И все-таки: и верилось, и не верилось еще...
Слишком много горького отстоялось в памяти у гробовщика. Он помнил голодную безработицу довоенных лет. Он пережил в Мшанске бедованье одиночки. Прочности – вот чего никогда не знал он в своей рабочей судьбе. Но теперь он упрямо захотел ее, этой прочности, он захотел ее и для завода, для всей стройки. Ибо то, что его провели приказом, было уже прочно. Приказом Журкина проводили в первый раз в жизни. "Да, тут чегой-то получается",– приятно содрогался он, потирая руки.
Бригаду ему дали в шесть человек. Потом разрешили добавить еще двоих. Журкин легко уговорил перейти к нему из плотничьей артели Васю-плотника и его товарища-паренька. Ведь он же звал их на завод! Журкину доставило тщеславное удовольствие – показать всему бараку, что вот он сам теперь набирает людей, а в обоих парнях нравилось ему то, что они неизбалованные и, по всему видно, способные к обученью. "Эх,– думал,– Тишку бы еще!" Но Тишка стал отрезанный ломоть и пропадал по целым дням, а то и с ночевкой, где-то на стороне.

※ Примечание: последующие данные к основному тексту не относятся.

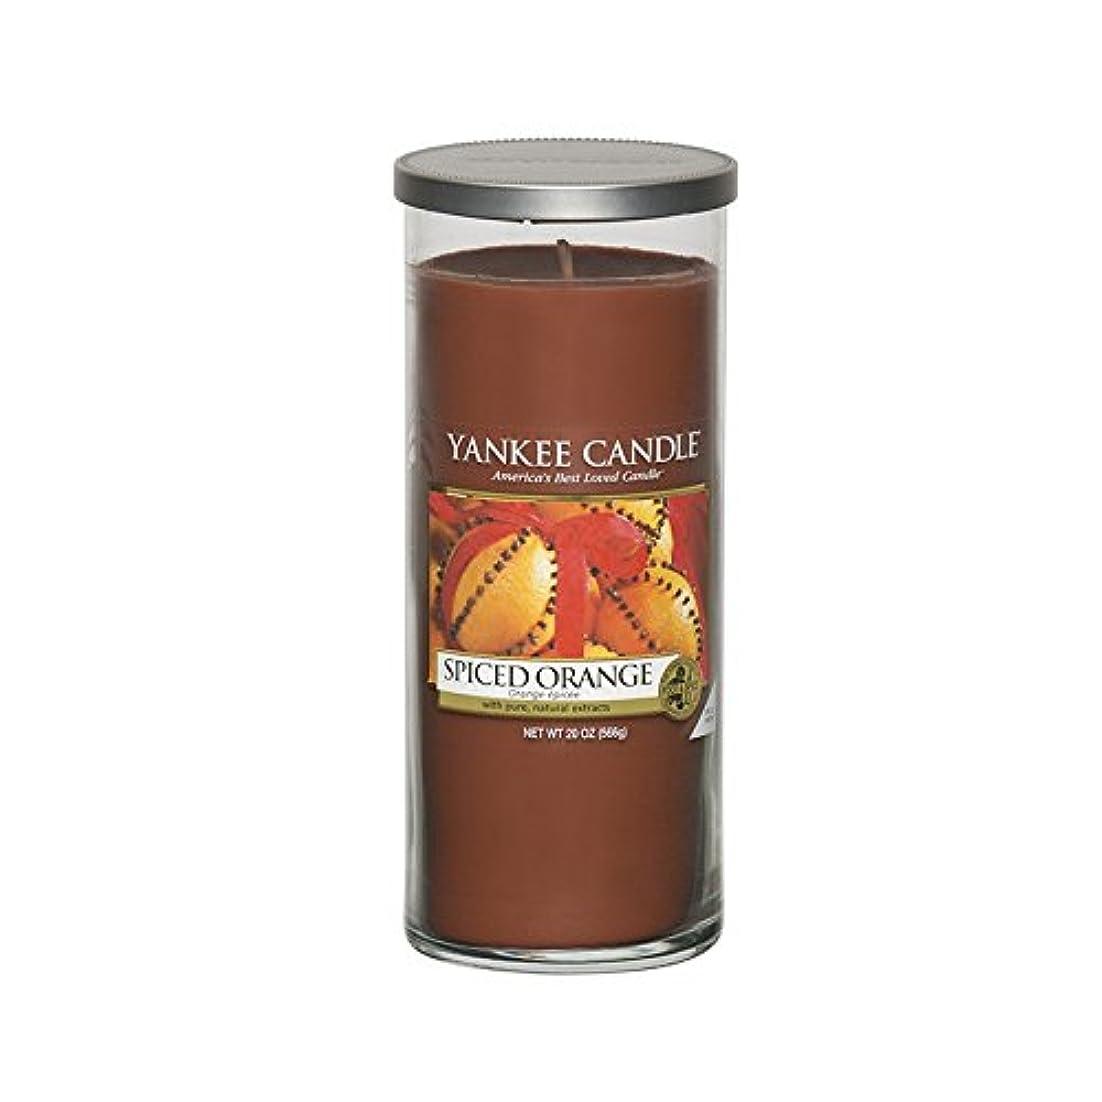 ハシー四面体目的Yankee Candles Large Pillar Candle - Spiced Orange (Pack of 6) - ヤンキーキャンドル大きな柱キャンドル - スパイスオレンジ (x6) [並行輸入品]

Завод отстоял от барака далеко: почти на том же участке, куда ходили на разгрузку. Журкин шагал, и вспоминалась ему зима, прожитая, как тяжелые сумерки. "Что ж, без худа добра не бывает". На месте былой разгрузки теперь бежали чистые рельсы. Опять составы посвистывали про далекую даль, но едва ли слышал их Журкин. Апрель, красногорский апрель охватывал его со всех сторон, яркий, и теплый, и кипучий, кипел он работой и новыми надеждами. За воротами распахивался заводской двор, с развалами, с холмами бревен, тесу, брусьев; грузовики подвозили еще. На воротах белел приказ.
В первой смене работали с Журкиным четыре человека его бригады. Во второй – до двенадцати ночи – остальные четверо. Журкин должен был только перед уходом подготовить им материал и дать указания.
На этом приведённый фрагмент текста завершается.